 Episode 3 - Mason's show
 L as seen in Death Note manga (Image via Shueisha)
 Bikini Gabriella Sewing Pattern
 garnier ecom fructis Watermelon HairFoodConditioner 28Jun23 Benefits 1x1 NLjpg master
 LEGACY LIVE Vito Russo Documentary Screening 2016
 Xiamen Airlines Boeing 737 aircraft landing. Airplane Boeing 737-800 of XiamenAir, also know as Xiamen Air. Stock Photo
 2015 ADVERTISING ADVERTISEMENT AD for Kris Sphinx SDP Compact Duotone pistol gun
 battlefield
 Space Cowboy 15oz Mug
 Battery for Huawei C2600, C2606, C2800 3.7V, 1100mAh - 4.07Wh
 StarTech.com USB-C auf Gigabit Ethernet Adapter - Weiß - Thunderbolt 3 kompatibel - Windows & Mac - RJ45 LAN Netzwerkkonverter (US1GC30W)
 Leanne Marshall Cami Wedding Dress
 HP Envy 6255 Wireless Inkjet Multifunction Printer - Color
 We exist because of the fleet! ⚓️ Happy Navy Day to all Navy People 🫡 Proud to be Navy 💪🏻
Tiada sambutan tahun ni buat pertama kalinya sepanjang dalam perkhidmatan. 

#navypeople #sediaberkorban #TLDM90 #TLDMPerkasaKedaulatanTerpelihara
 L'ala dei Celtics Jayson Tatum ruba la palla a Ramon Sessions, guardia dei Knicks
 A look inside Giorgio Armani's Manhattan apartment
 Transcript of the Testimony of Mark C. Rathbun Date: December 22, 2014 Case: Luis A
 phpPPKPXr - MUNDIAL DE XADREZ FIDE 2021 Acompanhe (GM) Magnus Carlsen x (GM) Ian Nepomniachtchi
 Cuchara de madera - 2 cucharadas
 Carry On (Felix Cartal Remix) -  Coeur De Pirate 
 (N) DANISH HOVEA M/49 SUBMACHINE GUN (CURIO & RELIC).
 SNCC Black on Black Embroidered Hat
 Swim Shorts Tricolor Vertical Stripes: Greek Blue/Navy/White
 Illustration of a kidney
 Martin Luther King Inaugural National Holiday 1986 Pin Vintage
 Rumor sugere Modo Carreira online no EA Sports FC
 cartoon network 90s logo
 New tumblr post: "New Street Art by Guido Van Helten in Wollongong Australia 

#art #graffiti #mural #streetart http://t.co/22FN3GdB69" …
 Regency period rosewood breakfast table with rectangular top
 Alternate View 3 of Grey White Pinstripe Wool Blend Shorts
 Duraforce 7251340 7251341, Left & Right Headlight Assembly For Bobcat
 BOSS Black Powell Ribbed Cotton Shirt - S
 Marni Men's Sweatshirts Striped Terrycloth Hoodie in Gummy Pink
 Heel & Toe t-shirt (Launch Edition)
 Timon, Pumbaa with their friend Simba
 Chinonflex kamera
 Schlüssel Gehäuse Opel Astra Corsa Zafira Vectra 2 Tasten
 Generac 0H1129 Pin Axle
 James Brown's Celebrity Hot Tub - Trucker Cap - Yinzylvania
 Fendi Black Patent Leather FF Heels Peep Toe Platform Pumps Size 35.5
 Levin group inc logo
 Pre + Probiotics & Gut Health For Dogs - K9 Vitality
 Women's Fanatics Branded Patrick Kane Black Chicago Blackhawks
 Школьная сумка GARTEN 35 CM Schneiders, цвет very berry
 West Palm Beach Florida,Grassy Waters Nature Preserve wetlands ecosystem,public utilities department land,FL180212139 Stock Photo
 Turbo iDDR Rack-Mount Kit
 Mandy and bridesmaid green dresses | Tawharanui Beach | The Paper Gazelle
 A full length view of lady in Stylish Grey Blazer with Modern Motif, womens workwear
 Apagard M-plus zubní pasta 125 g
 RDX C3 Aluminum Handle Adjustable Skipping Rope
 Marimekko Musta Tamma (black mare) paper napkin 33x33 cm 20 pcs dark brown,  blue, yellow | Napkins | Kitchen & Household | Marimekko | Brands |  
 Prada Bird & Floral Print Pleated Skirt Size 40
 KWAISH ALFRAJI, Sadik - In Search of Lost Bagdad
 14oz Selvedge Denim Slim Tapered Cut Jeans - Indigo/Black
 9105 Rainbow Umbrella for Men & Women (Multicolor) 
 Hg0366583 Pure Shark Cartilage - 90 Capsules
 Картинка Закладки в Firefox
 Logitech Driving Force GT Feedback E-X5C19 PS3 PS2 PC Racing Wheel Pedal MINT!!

^^^^

§ **EXERCISE AIM**: Using the listing, copy every line where the word "Stock" shows up.

§ **ANSWER BELOW**:
 Xiamen Airlines Boeing 737 aircraft landing. Airplane Boeing 737-800 of XiamenAir, also know as Xiamen Air. Stock Photo
 West Palm Beach Florida,Grassy Waters Nature Preserve wetlands ecosystem,public utilities department land,FL180212139 Stock Photo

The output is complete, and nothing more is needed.